Christie’s, New York.
We are off to a strong start to the November sales with the Christie’s Impressionist-Modernist sale on Monday generating a $479.3 million turnover with 88% of the lots finding happy homes. The prize fish of the auction, a late Van Gogh, Laborer dans un Champ sold for $81,312,500 million surpassing its estimate by 31.3 million. Honourable mentions in the Modernist category go to Fernand Leger’s Contraste de Formes at $62 million, and a lovely Rene Magritte of the L’empire des Lumieres series sold for $20,562,500 million.

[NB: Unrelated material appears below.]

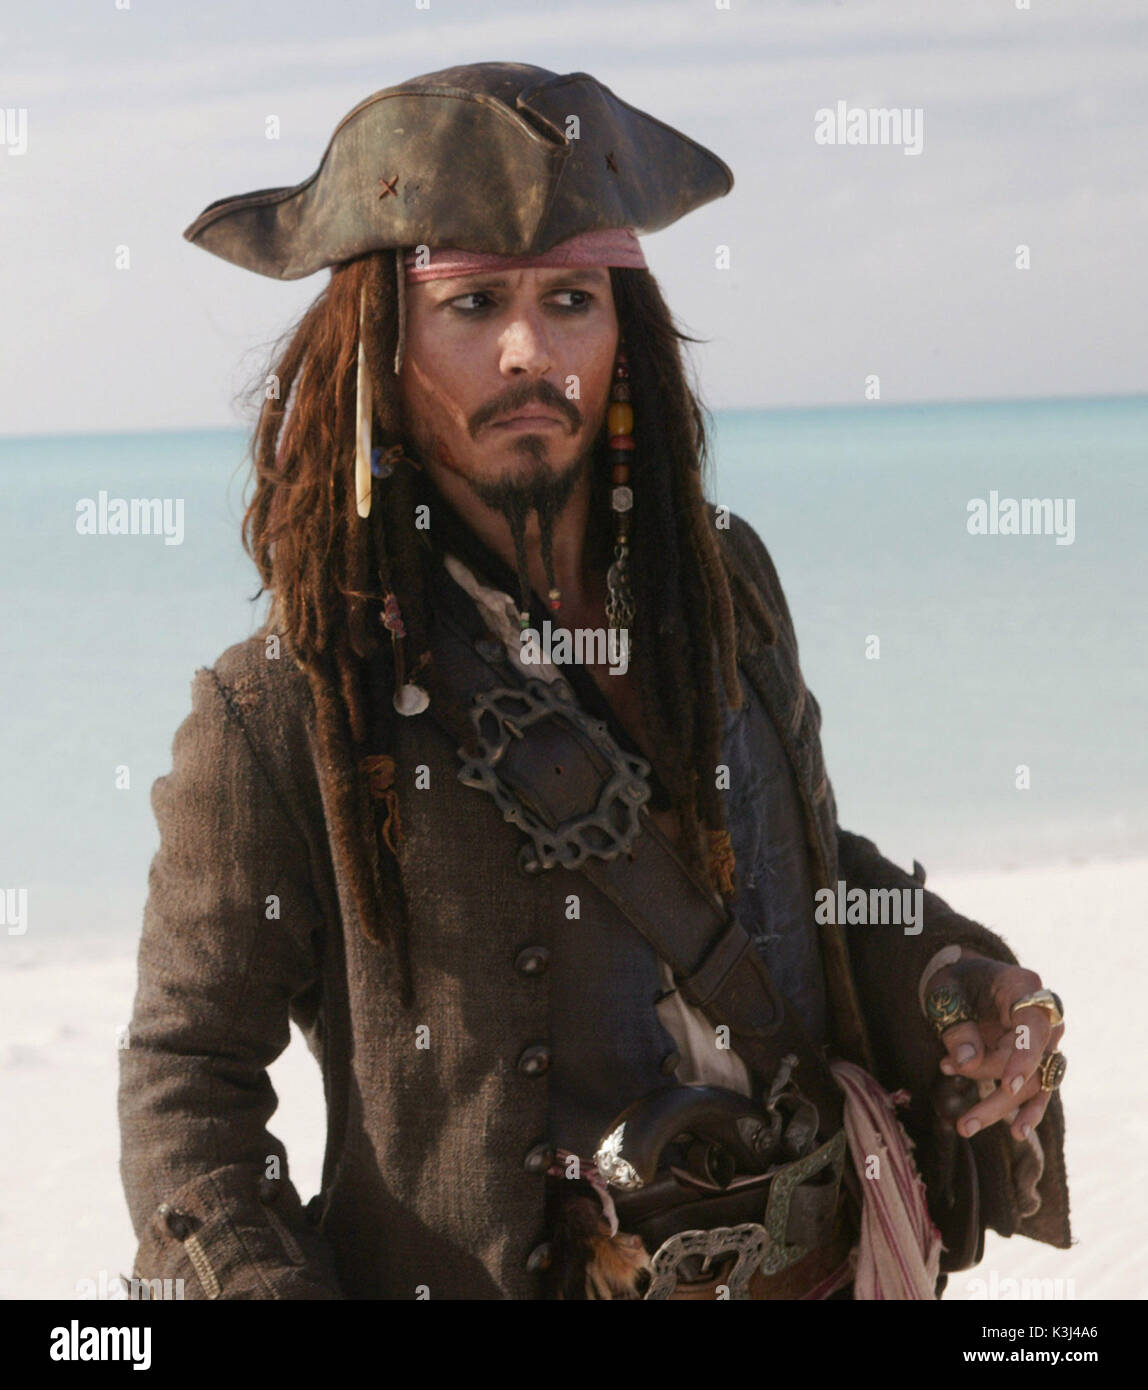 Piraten der Karibischen Meere: AM ENDE DER WELT [USA 2007] aka FLUCH DER  KARIBIK 3 Johnny Depp als Captain Jack Sparrow [7/8] Datum: 2007  Stockfotografie - Alamy

Next on our agenda, we take in the offerings on the previews floor for the contemporary evening sale, wondering who will make bigger splashes with a Da Vinci thrown in the mix? As much as we are rooting for a reaffirmation of the renaissance master and that glorious rock crystal orb in Salvator Mundi, we are also hedging that we can expect big splashes from Andy Warhol’s Sixty Last Suppers and Twombly’s Untitled from his Bacchus series. The record prices for Warhol and Twombly are $105 million for Silver Car Crash (double disaster) and $70 million for Untitled (New York City), respectively. We yawned passed the $35 million estimate on Rothko’s Saffron, preferring that particular colour in our food, to cast a cool eye over Kerry James Marshall’s Still Life with Wedding Portraits. We’ve spotted Marshall from London to Miami in recent years, so we will be keeping an eye on that $1,500,000 estimate tomorrow, as well as on Lee Krasner’s Shattered Light at $2,500,000, and Currin’s Gold Nude. But the piece that has most stolen our heart is a room filled with mylar fish by Philippe Parreno, at an approachable estimate of $350,000.